Tim Weaver

Personal information
- Date of birth: April 30, 1975 (age 50)
- Place of birth: Livermore, California, United States
- Height: 5 ft 11 in (1.80 m)
- Position(s): Defender

Youth career
- 1993–1996: San Francisco Dons

Senior career*
- Years: Team / Apps / (Gls)
- 1997: San Francisco Bay Seals
- 1998–1999: San Jose Clash / 13 / (0)
- 2000: Bay Area Seals / 20 / (0)

= Tim Weaver =

American soccer player

Tim Weaver is a retired American soccer defender who played two seasons in Major League Soccer with the San Jose Clash.

==Soccer==
Weaver attended the University of San Francisco where he played on the men's soccer team from 1993 to 1996. In 1997, he turned professional with the San Francisco Bay Seals of the USISL. In January 1998, the Richmond Kickers signed Weaver.
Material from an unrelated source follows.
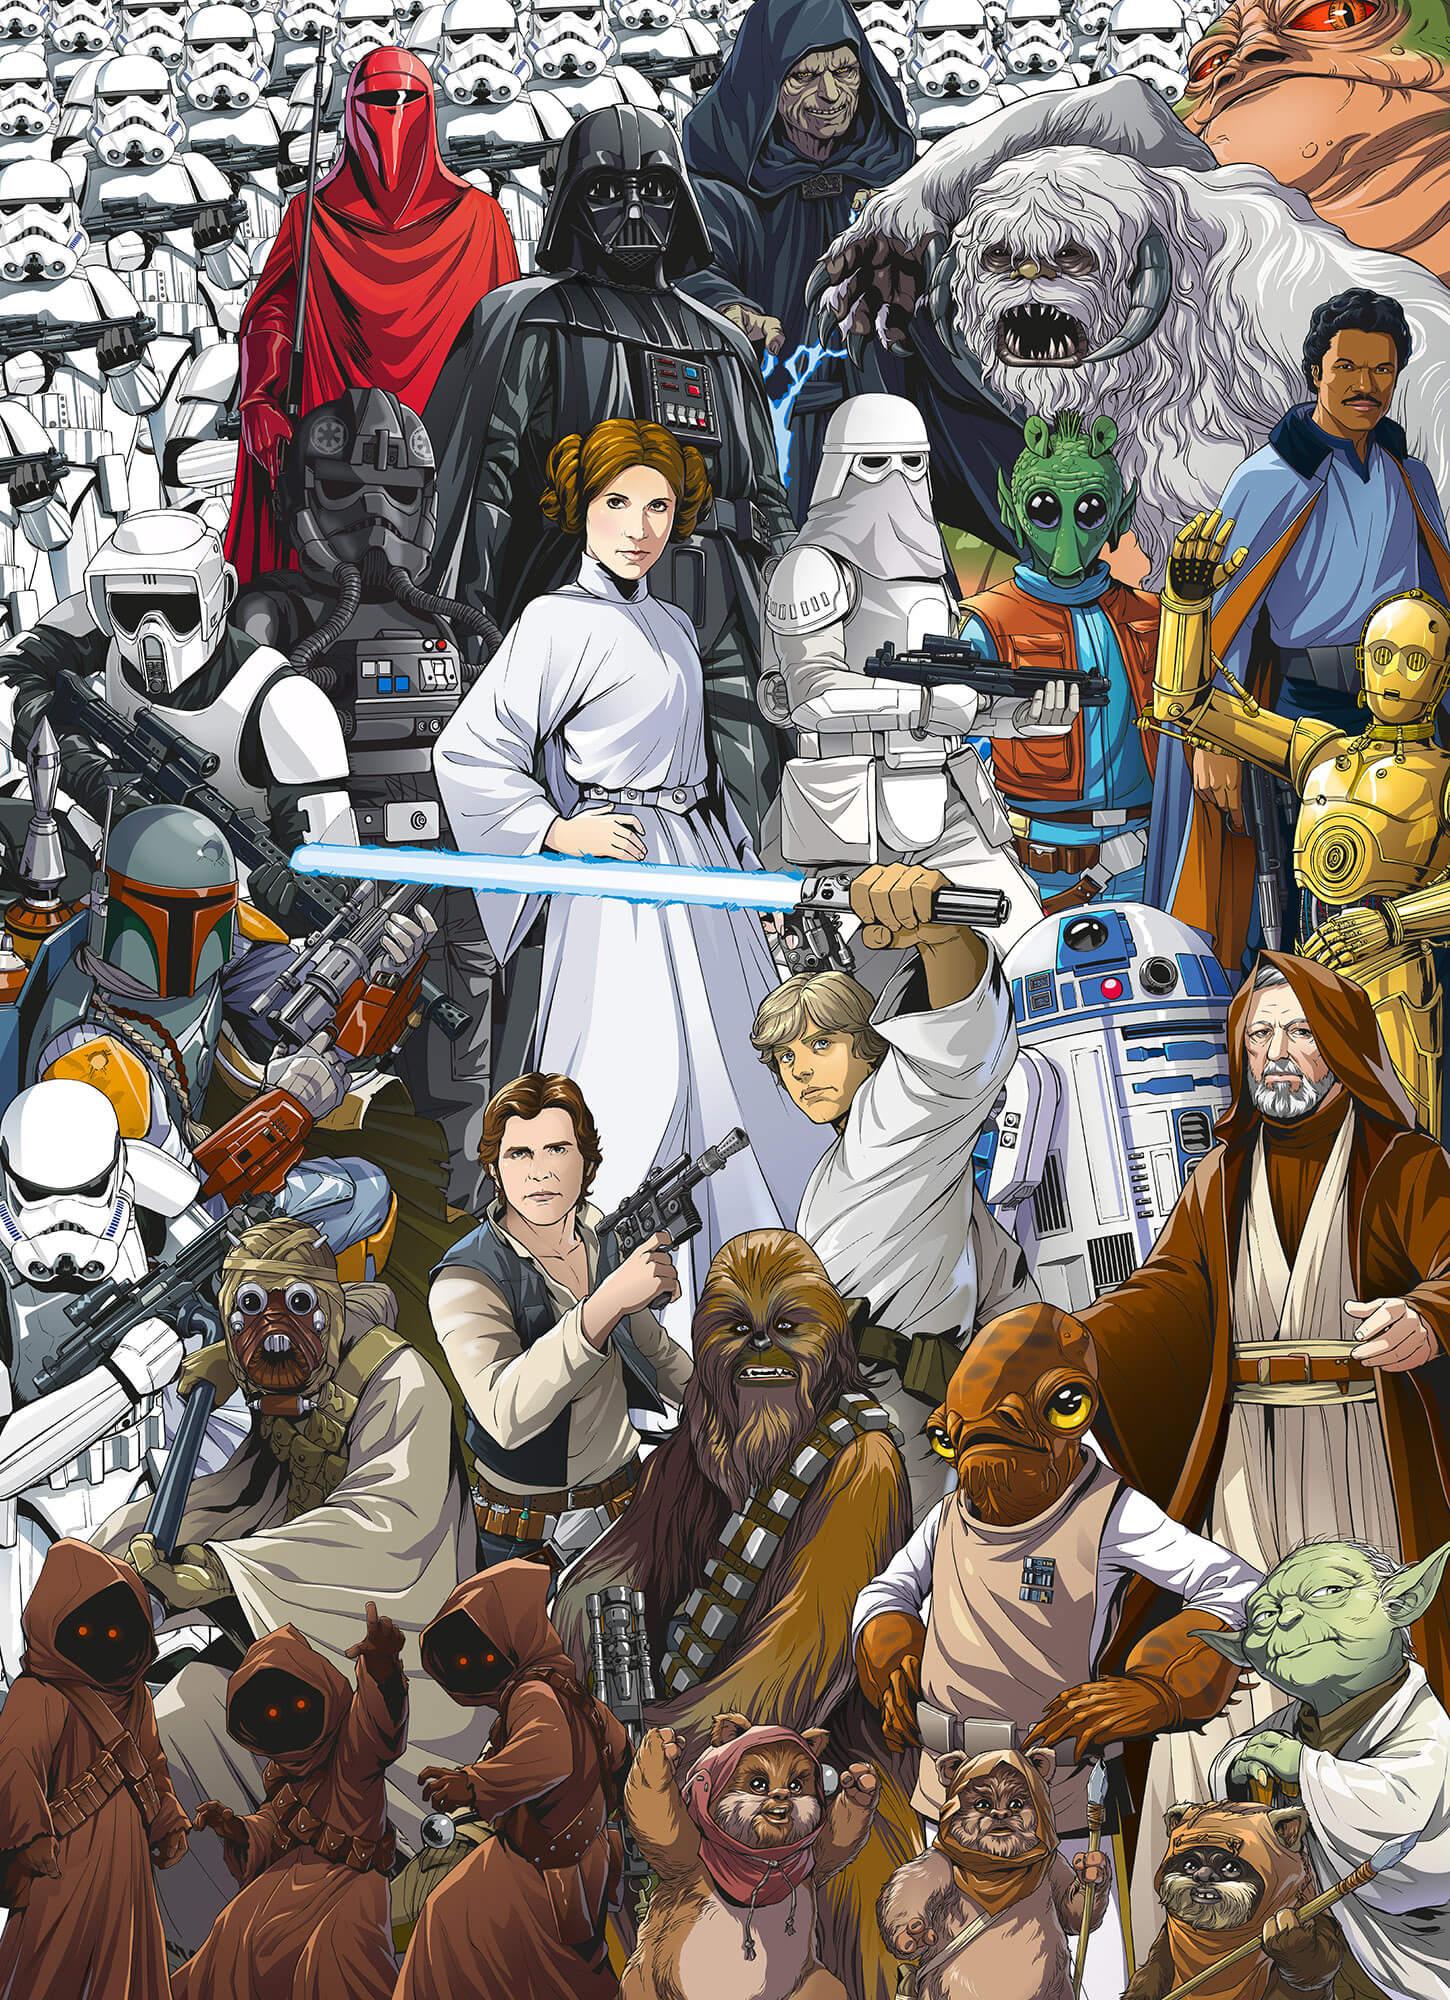 Star Wars Collage Wallpaper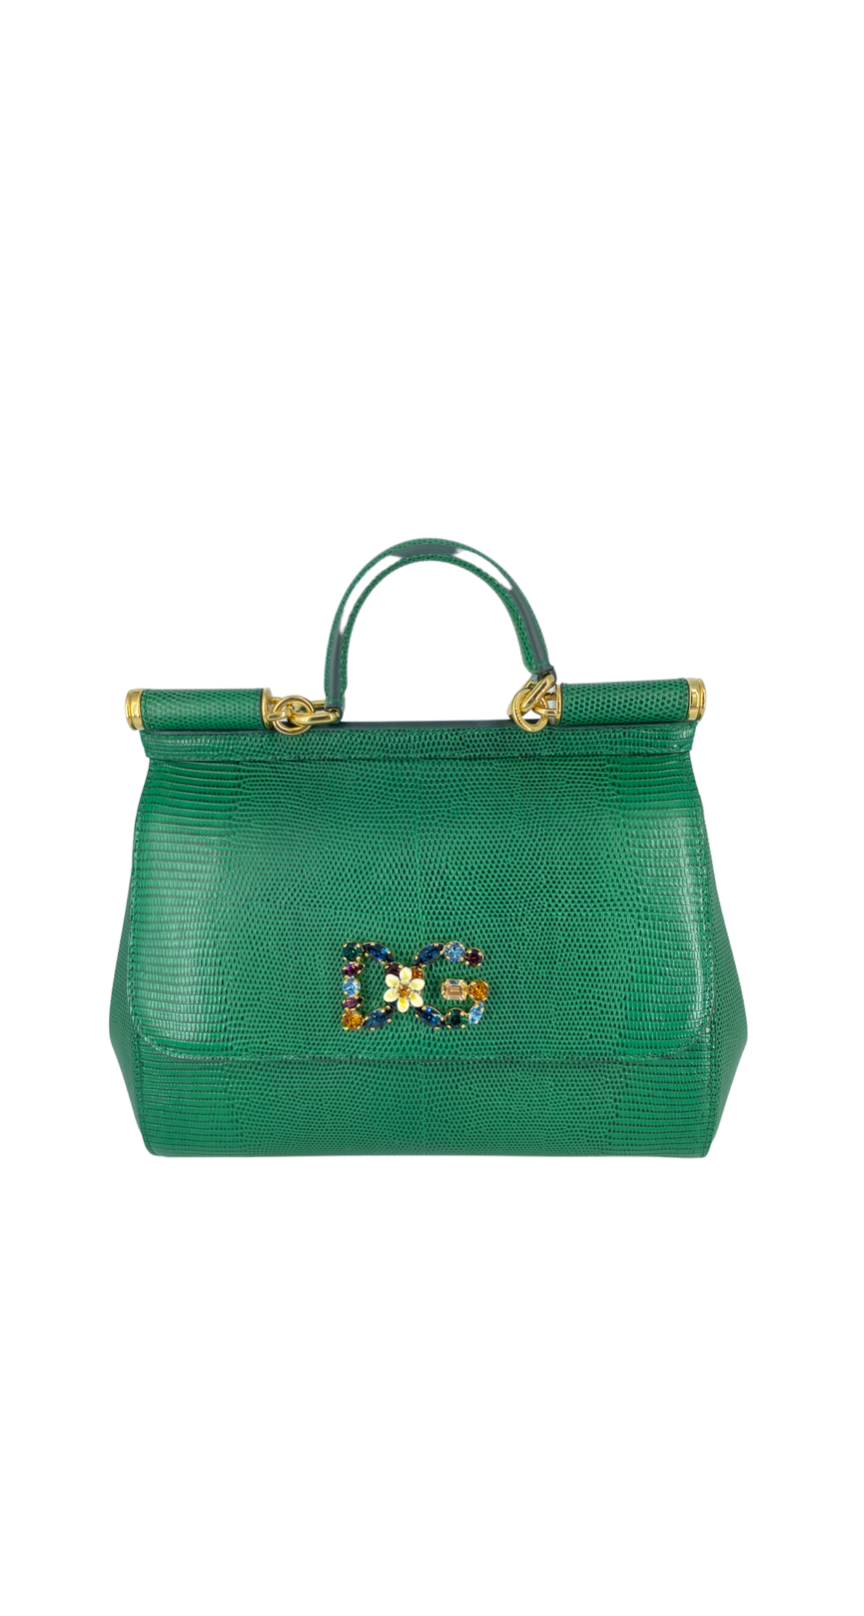 Dolce & Gabbana Small sicily bag for Women - US

On February 1, 1998, the San Jose Clash selected Weaver within the first round (third overall) of the 1998 MLS Supplemental Draft. In July 1998, Weaver had his right leg broken by a bad tackle in a friendly with Monarcas Morelia. He had played twelve games up to that time, but lost the rest of the season. He attempted to come back in 1999, but played only one game before being released. In 2000, he returned to the Seals, now playing in the USL A-League, for one last season. Weaver was recalled by the San Jose Earthquakes in 2002 for 3 games during the World Cup to replace Jeff Agoos. He didn't appear in any games.

==Medicine==
After his retirement from soccer, Weaver pursued a career in medicine.